I don't think I'm going to have time in the near future to make as substantive as a reply as I like, so let me just make a few more observations:
1. Benner in general has his basic methodology ALL wrong. He is absolutely convinced that every word has only one meaning. He even has a "translation" of the OT built on this premise. He calls it "mechanical translation." His ideas yield this "translation" of Gen1:1-2
- In the summit, Powers fattened the sky and the land, and the land had existed in confusion and was unfilled and darkness was upon the face of the deep sea and the "wind of Powers" was much fluttering upon the face of the water.

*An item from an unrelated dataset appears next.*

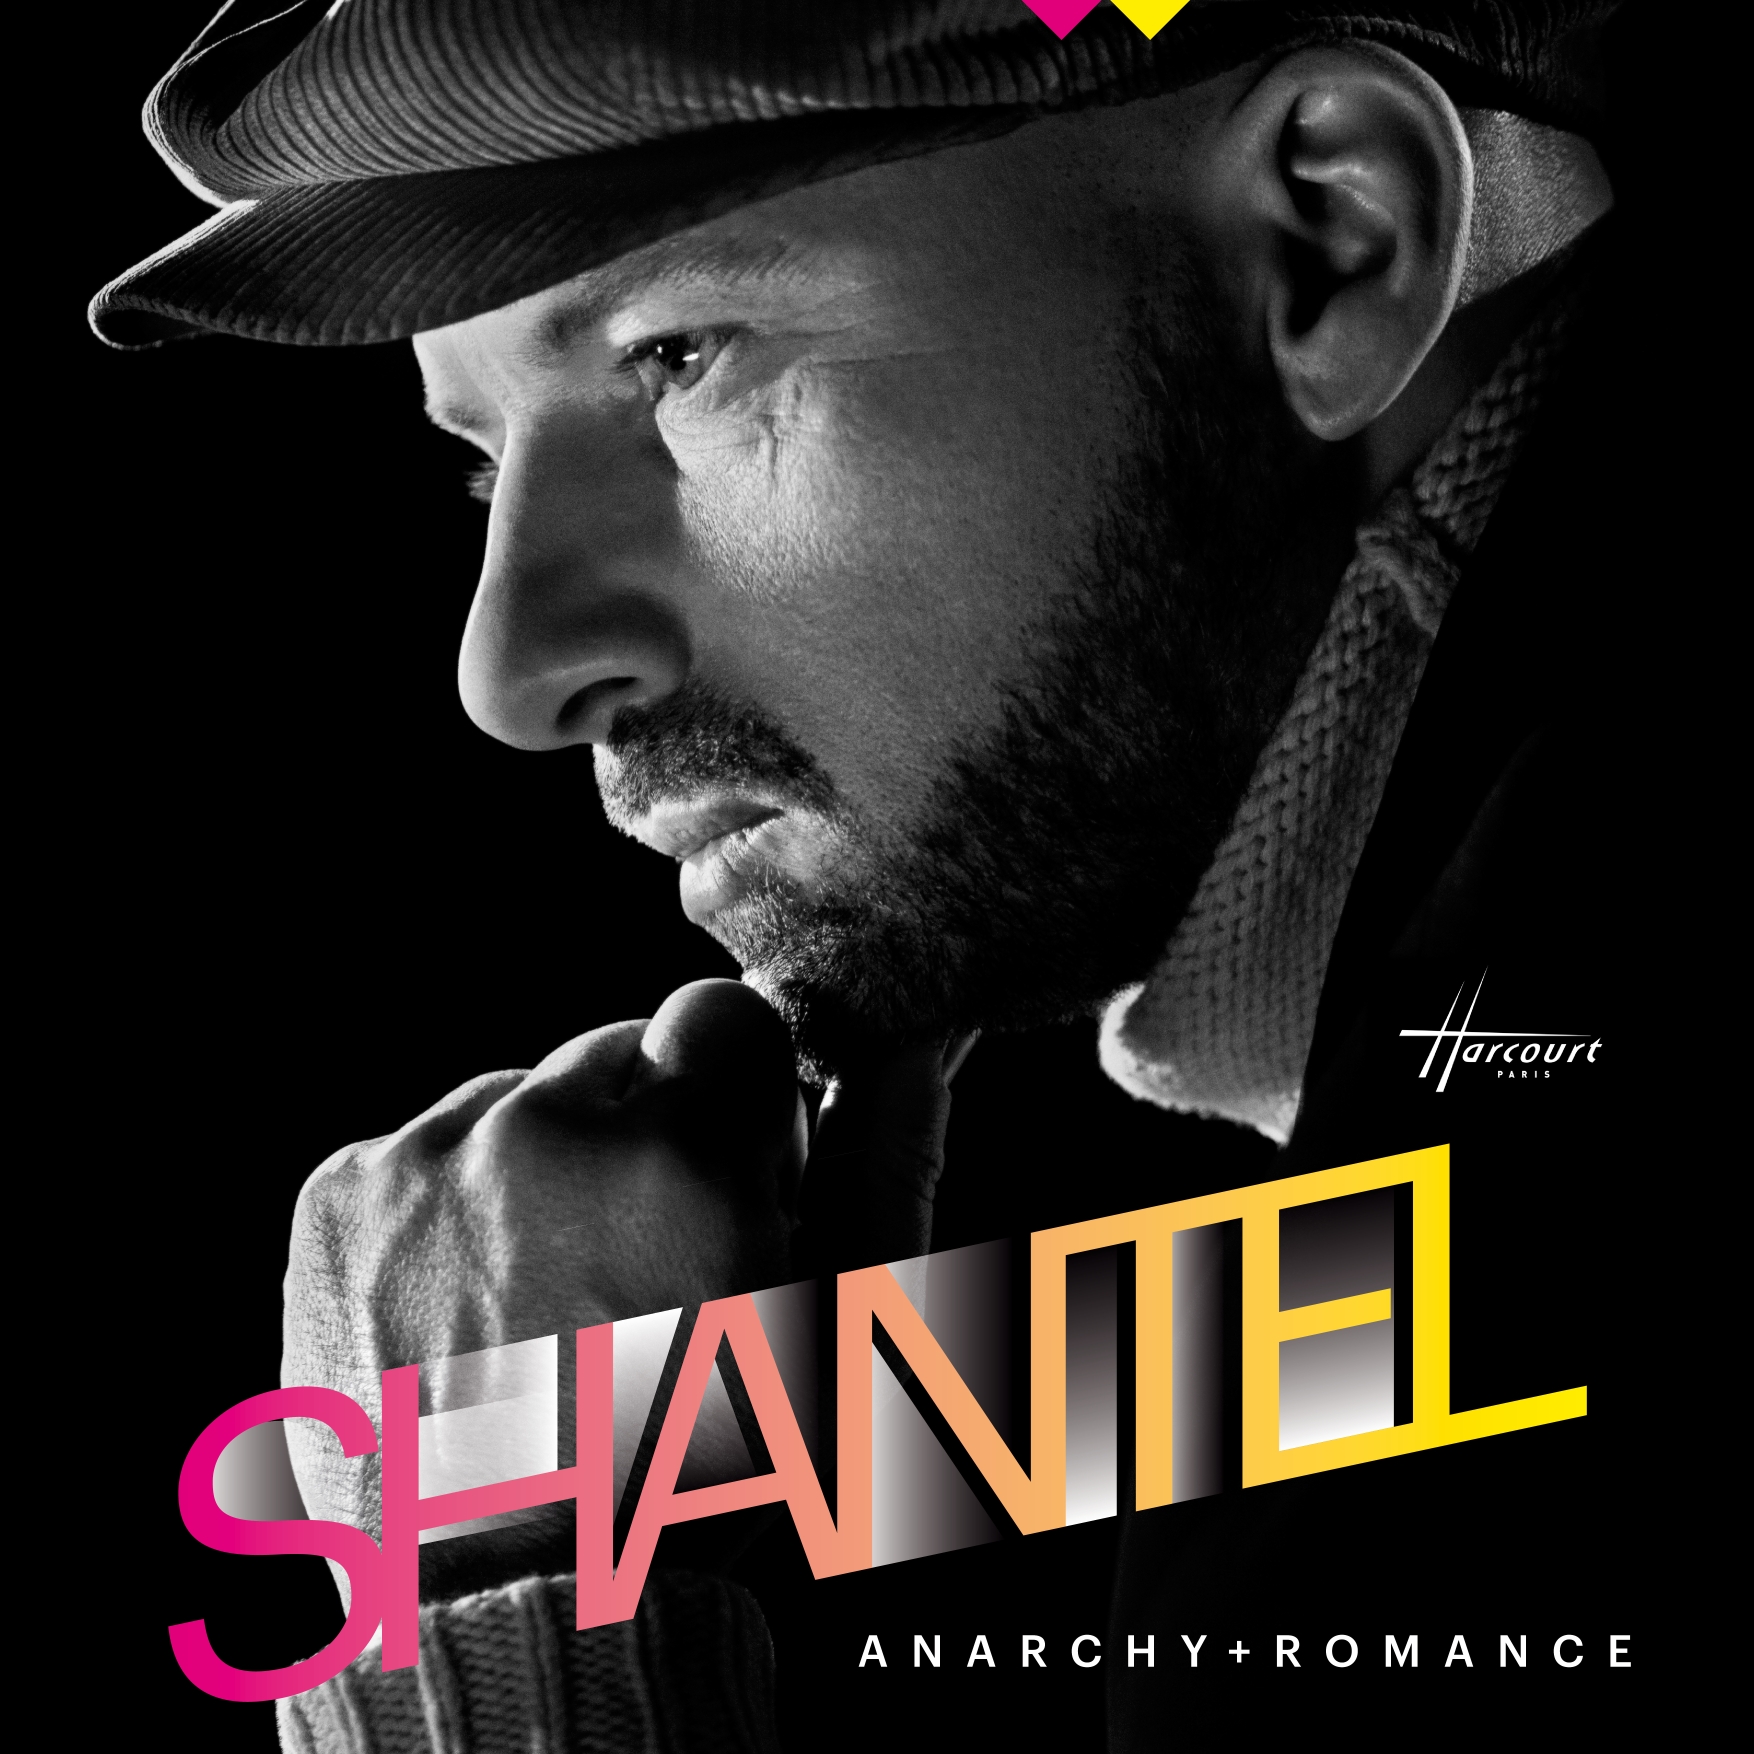 Shantel- Anarchy + Romance
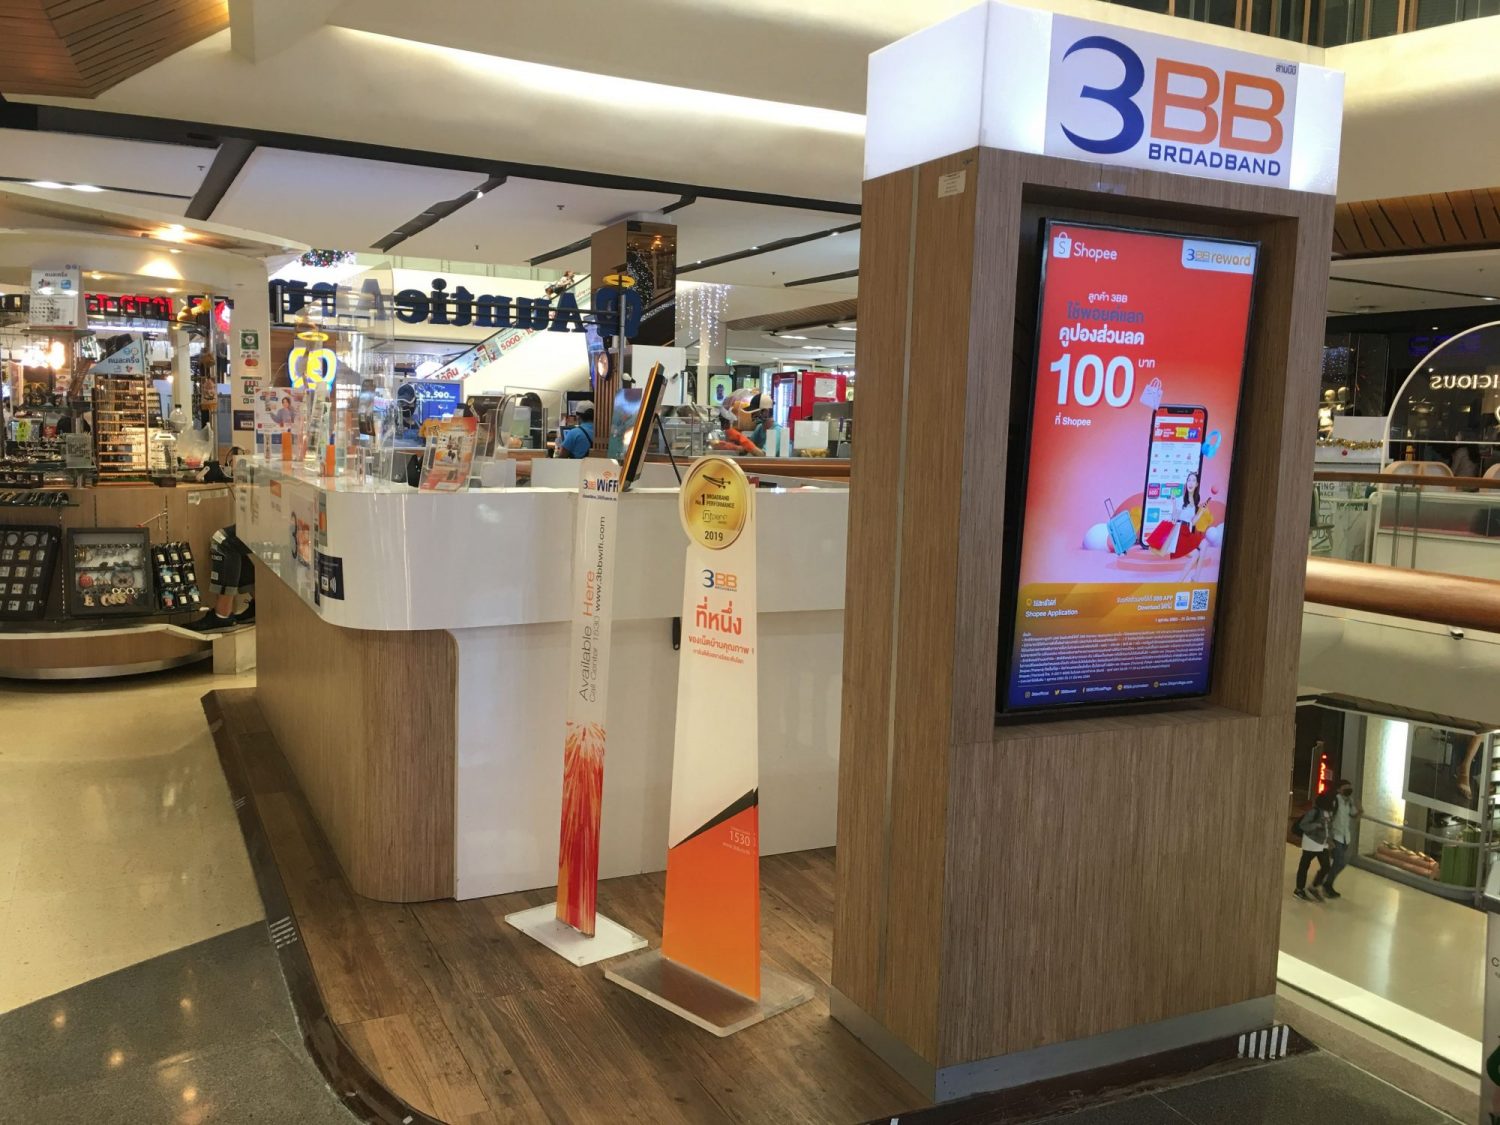 3bb ใช้ Digital Signage โฆษณาตาม Shop ทั่วประเทศ

Now, we could walk through that one verse alone, I think, and try to give it a proper analysis as to why it's just ridiculous. But I just don't think I have the energy for that. I'm content to let the reader see the fruits of Benner's labor and decide for himself the validity of his methodology. I mean, if that's what his method gives you, and if you think that's as absurd as I do, then the entire method is (rightly) discredited.
2. His entire approach is also built on a popular but just incorrect idea that Hebrew thought was "concrete" and Greek thought was "abstract." In fact, there is a lot of overlap between the languages, and all the more if we consider Koine Greek and compare it to Hebrew. Anyone who has looked at the LXX' rendering of the Pentateuch can see a remarkably wooden translation, but one that reads just fine in Greek. And scholars have long noted that much of the NT--especially the gospels--can be very easily translated into Hebrew. All that shows is that the languages are just that--languages. To suggest that the Hebrew mind is in some way fundamentally different from the Greek mind is to suggest that the Hebrews and Greeks have different
minds. But that can't be true, because both the Hebrew and Greek are human beings with the same nature and intellectual capabilities.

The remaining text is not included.